With chronically low natural gas prices in North America, QEP Resources Inc. (NYSE: QEP) is slashing spending in the dry-gas Haynesville Shale and now plans to direct 89 percent of its capital budget to liquids-rich plays in the Rockies and Midcontinent.
This year, QEP hopes to increase its liquids production from 14 percent to 20 percent.
The Denver-based company wants to increase that production organically. To that end, it’s adding $50 million to its $1.3 billion to $1.5 billion spending plan for the year.
The increase is meant to accommodate additional drilling in the Texas Panhandle and western Oklahoma, in the Uinta basin of Utah and in the Bakken of North Dakota.
The additional money for North Dakota allows QEP to run a fourth rig in the play and to manage cost increases in the Williston basin, the company said in recent financial filings.
QEP hopes those expenses can offset each other, to some degree.
Those higher costs are partially the result of drilling in a high-pressure area of the basin and partially from an expectation that completion fluids will get more expensive this year, according to CEO Charles Stanley. But they also come from drilling inefficiencies.

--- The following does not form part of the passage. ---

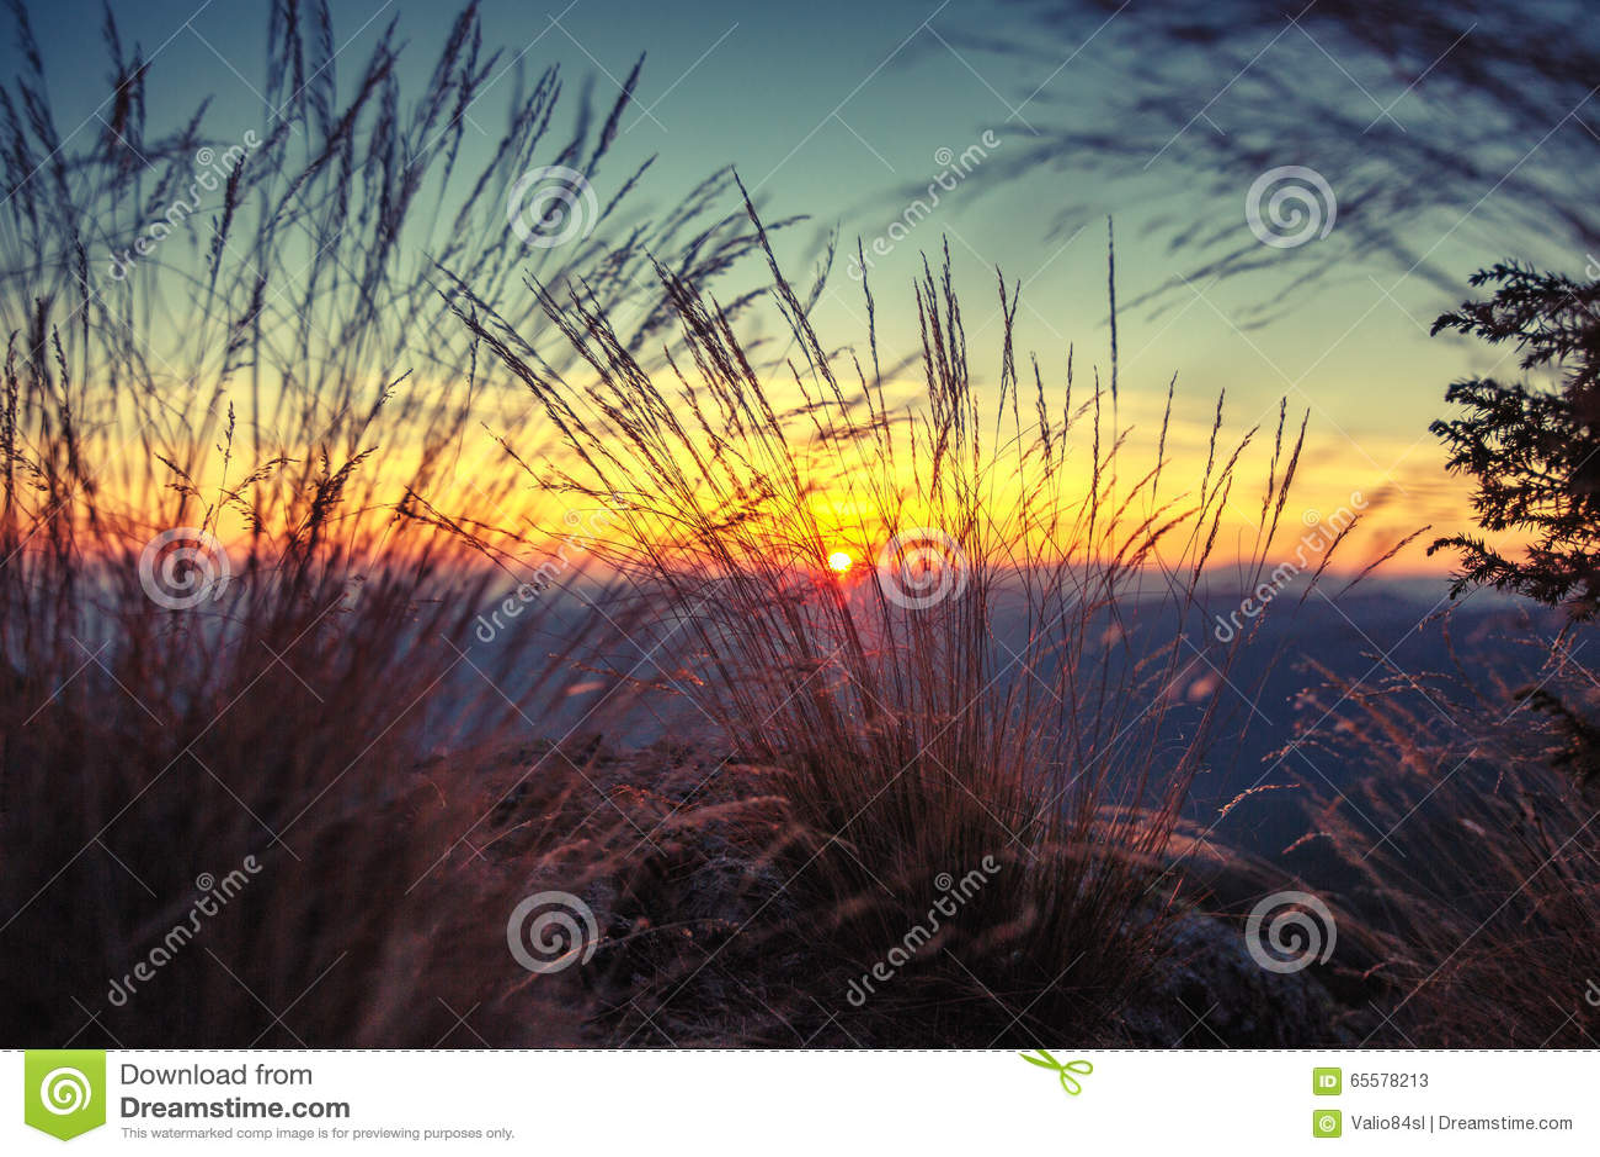 Gramas selvagens na paisagem dourada do por do sol do verão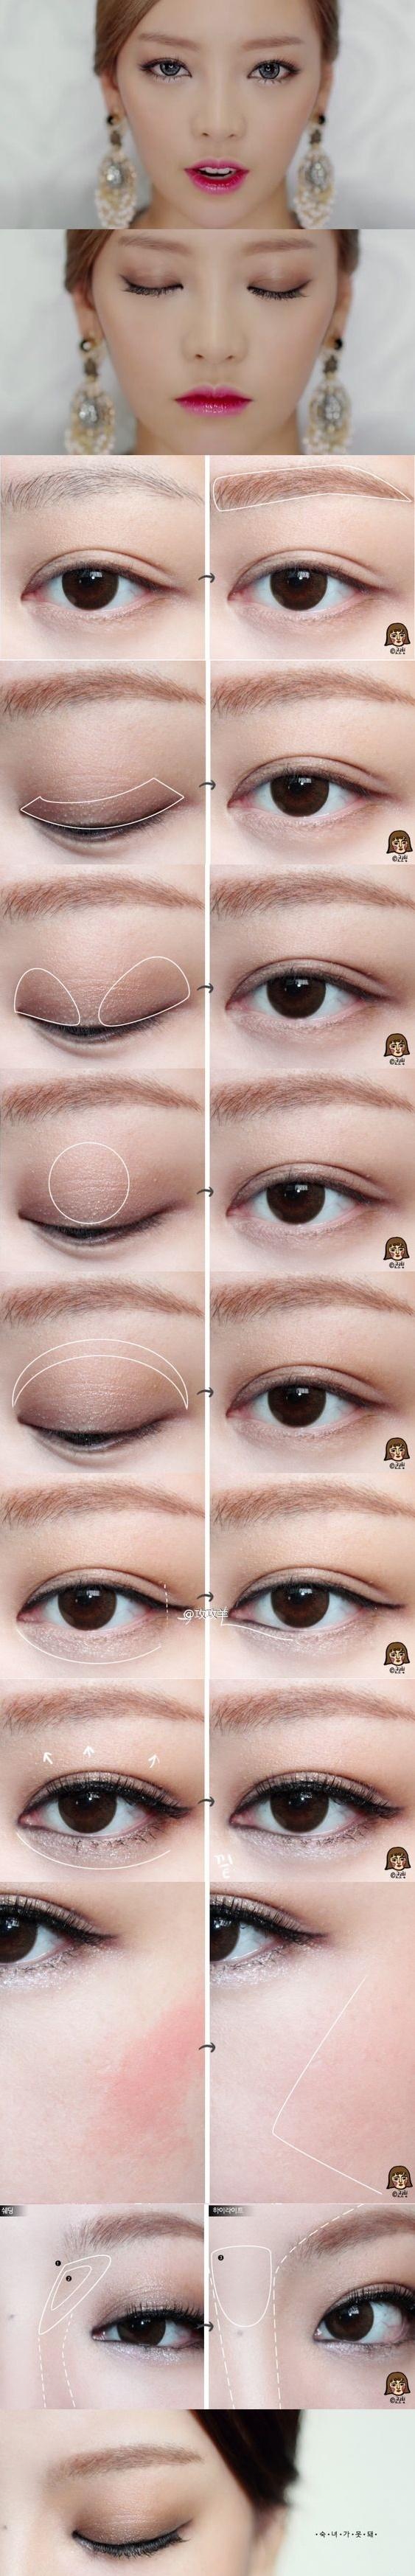 ojos_asiaticos

Asked during its recent first quarter earnings call whether a fourth rig would lower costs in the Williston basin, Stanley said, “We haven’t seen enough pad drilling activity to really get a good handle on what sort of economies of scale we should see. But our experience at Pinedale and other places where we pad drill would indicate that.”
With a fourth rig, QEP could keep rigs on pads longer, and could maximize completions crews and infrastructure hook-ups, according to Stanley. On paper, those efficiencies should shave about $500,000 off the cost of each Bakken well QEP drills, Stanley said.
“Whether we can actually realize that … the jury is still out on that,” he added, noting that a fifth rig in the play would be the “sweet spot” for maximizing those efficiencies.
From 12 to 50 percent
How would those savings play into the economics of the Williston basin?
QEP estimates its Bakken wells this year will cost between $9.7 million and $10.4 million each, a range dependant in part on lateral lengths between 5,000 and 12,500 feet.
Those wells have an average estimated ultimate recovery, or EUR, rate of 500 million barrels of oil equivalent (or a range between 300 million and 900 million barrels of oil equivalent).
In November 2011, QEP estimated a pre-tax rate of return of 26.4 percent for its average well, assuming EUR rates of 550 million barrels of oil equivalent at an average West Texas Intermediate price of $85 per barrel and a completed well cost of $9.5 million.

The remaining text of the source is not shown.